回去的路上,她想了一下,「李湖,去將沂縣公叫來。」
「遵旨。」
尉氏客棧里,陳不二一覺睡到了中午才醒來。
陳家的男丁幾乎都不在,一個個都忙著去打聽哪裡有即便宜,又寬敞的宅子可以出售?
哪怕大房決定要去成都府了,也在到處幫著打聽房子。
這次大房和二房的離開,這讓陳家的壓力大減,二房只有兩個兒子一個女兒,外加一個老太太,算起來房子也不需要太大,那就會便宜很多。
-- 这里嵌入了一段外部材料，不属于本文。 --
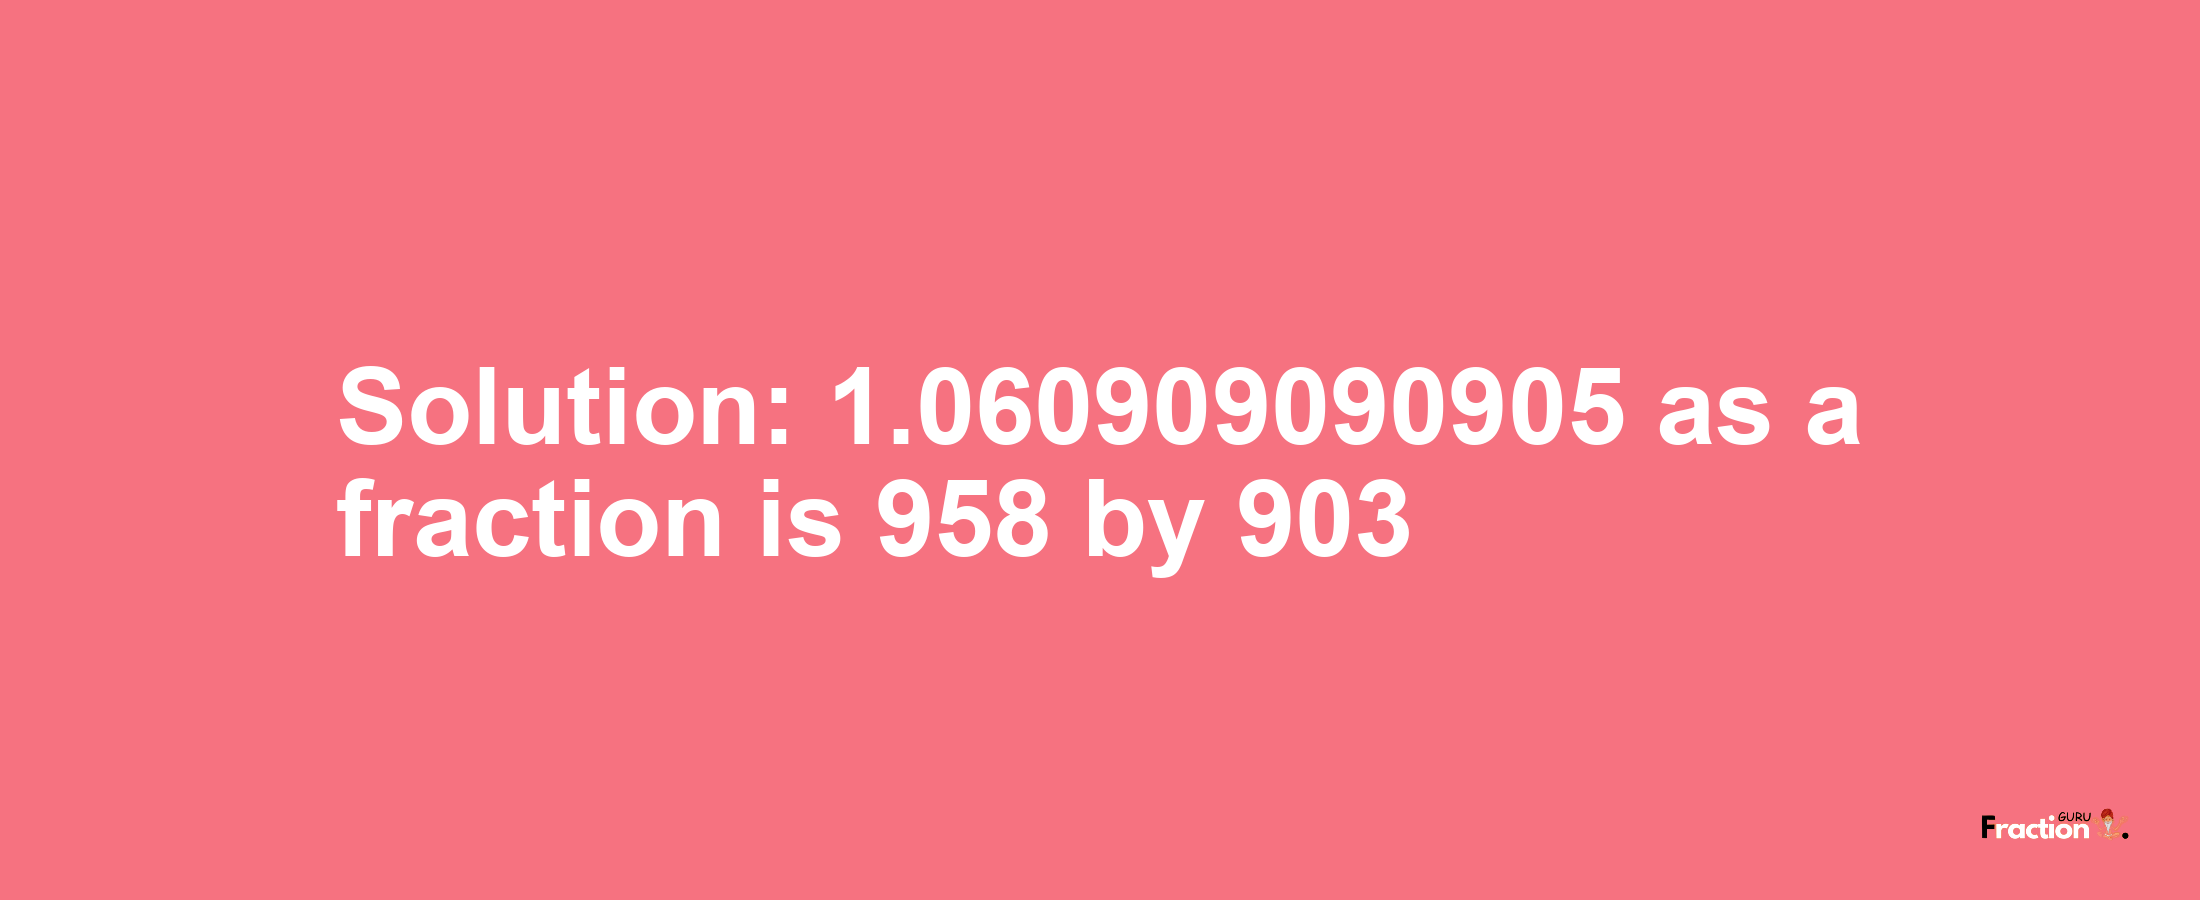 Solution:1.060909090905 as a fraction is 958/903

汴梁里「牙行」密布,跟後世的房產中介一樣,就有這麼一批人靠介紹費吃飯,一般情況下只要你能說得出要求,他們都能找得到合適的房源。
可陳家現在缺的是房源嗎?
是錢!
陳不二空間醫院裡有錢,問題是錢拿不出來,他也怕呀,他將老宅里的東西都搬空了,這不是變相得罪皇城司了嘛,萬一人家暗地裡盯著你呢。
等陳不二洗涮完去老太太房裡里,發現裡面空蕩蕩的。
「祖母呢?」
陸冰輪就在隔壁房中,打開門說道:「你祖母一早就帶著紙鳶去借錢了,唉,我讓胖子幾人跟著隨身保護,你放心吧。」
陳不二聽了心中暗嘆一下,這讓一個老太太出去借錢,陳家的男人真的沒臉皮了,他都感到羞得慌。
這時候聽到樓梯里有人跑上來了:「少爺,外面有人找你。」
「找我?是潘少爺他們嗎?」
「不是,是一位自稱姓柴的公子。」
陳不二一愣,「旁邊是不是跟著一位娘娘腔?」
「對,就是他們。」
這時候柴子晉和文松站在客棧大堂里,這只是一家普通的「腳店」,住店的基本上都是南來北往的客商,什麼樣的三教九流都有。
文松用手絹一手捂著鼻子,一邊嫌棄地白了幾眼旁邊一個男子。
這男的一直想往他身邊蹭,估計以為是哪家小娘子男扮女裝呢。
柴子晉看著這簡陋的客棧,心中也多有不忍。
「陳家就住在這裡?這環境怎麼能住人呢?唉,這次官家和娘娘真的做差了,幸虧他們事後準備彌補了,否則真的對不起人家的一片好心。」